Last July, not long after the Senate passed its bill, Boehner held a press conference in which he sketched out the path forward for immigration reform:

House Speaker John Boehner is sticking to his position: The House will not vote on the Senate-passed immigration bill.

“I’ve made it clear and I’ll make it clear again, the House does not intend to take up the Senate bill,” Boehner said Monday. “The House is going to do its own job in developing an immigration bill.”

He added, “It is time for Congress to act. But I believe the House has its job to do, and we will do our job.”

“I believe the House has its job to do, and we will do our job,” he said, that job being the crafting of an immigration reform bill.
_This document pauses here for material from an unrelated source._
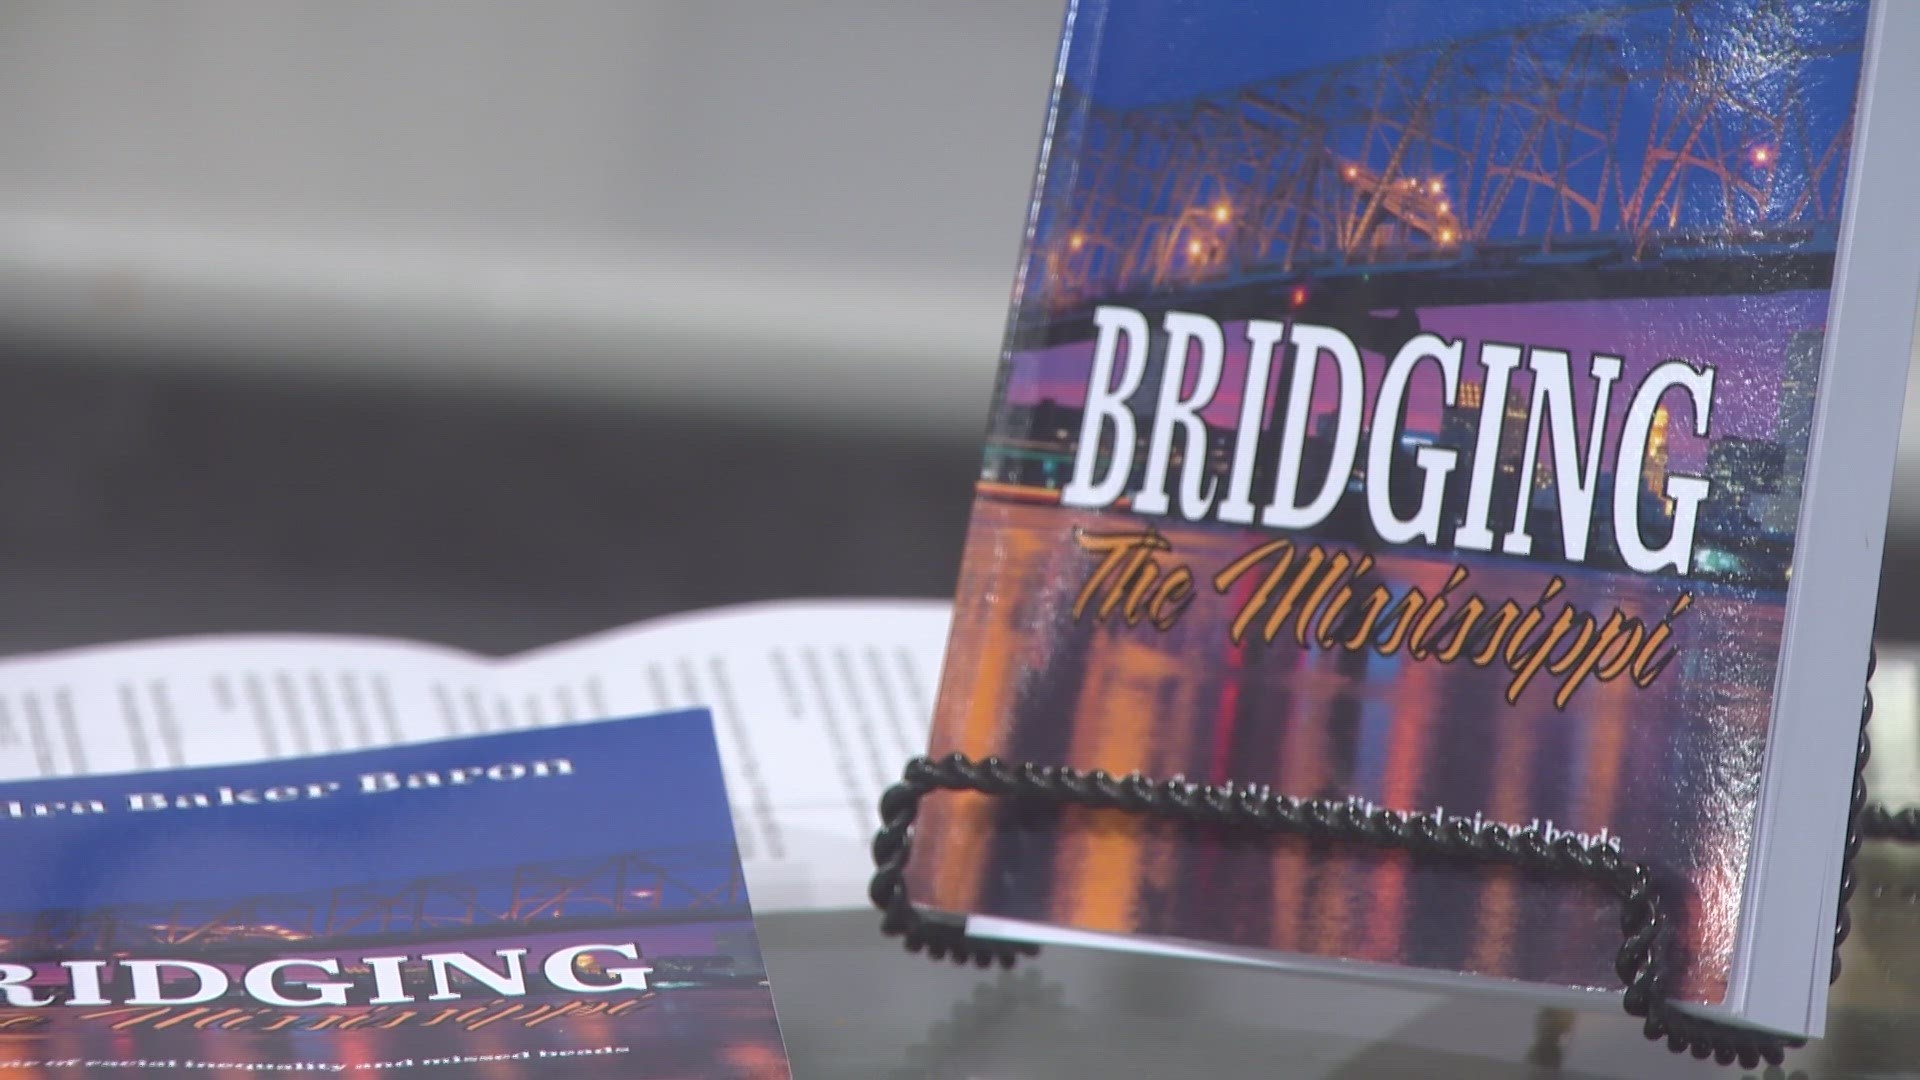 Author Sandra Lee Baron and a former student of the teacher and protagonist of "Bridging the Mississippi" tell us about this inspiring story.

Here we are nearly a year later, and Boehner has informed Barack Obama that there will be no immigration votes in the House – not on the Senate bill, not on any bill. The leadership did manage to float a series of immigration reform “principles” earlier this year, but those were never hammered into a piece of actual legislation. No partial credit awarded, no gold star for effort.

You can’t get around Boehner’s failure, and you can’t extract that failure from the overall explanation for why we’re now still talking about “our broken immigration system.” It highlights the fact that on just about every question, Boehner is operating from a position of extreme weakness. And now he’s trying to disguise that weakness with a phony demonstration of strength.

Last week’s news that Boehner intends to initiate a lawsuit against the Obama administration for its “aggressive unilateralism” in applying executive orders just happened to coincide with Boehner telling Obama in private that there would be no immigration vote. It was a canny move: provoke Obama into taking executive action on immigration; get out in front of the president by announcing a lawsuit over executive orders; stand back and say “look, he’s doing it again!” when Obama takes the executive action he goaded him into. That appears to be precisely what Boehner is doing. Responding to Obama’s remarks yesterday, Boehner denied-without-denying having told Obama that there would be no vote, and expressed regret that the situation had come to this:

In our conversation last week, I told the president what I have been telling him for months: the American people and their elected officials don't trust him to enforce the law as written.  Until that changes, it is going to be difficult to make progress on this issue.  The crisis at our southern border reminds us all of the critical importance of fixing our broken immigration system. It is sad and disappointing that – faced with this challenge – President Obama won't work with us, but is instead intent on going it alone with executive orders that can't and won't fix these problems.

You should read the whole statement to get a sense of how much Boehner’s position relies on desperate untruths. “The president’s own executive orders have led directly to the humanitarian crisis along the Southern border,” Boehner said, blaming a crisis that began in 2011 on an executive action issued in 2012. But even if it weren’t full of lies, Boehner’s position suffers from the irreconcilable tension between his claim that Obama “won’t work with” the House and the fact that the House has provided nothing to work with, despite Boehner’s promise that it would.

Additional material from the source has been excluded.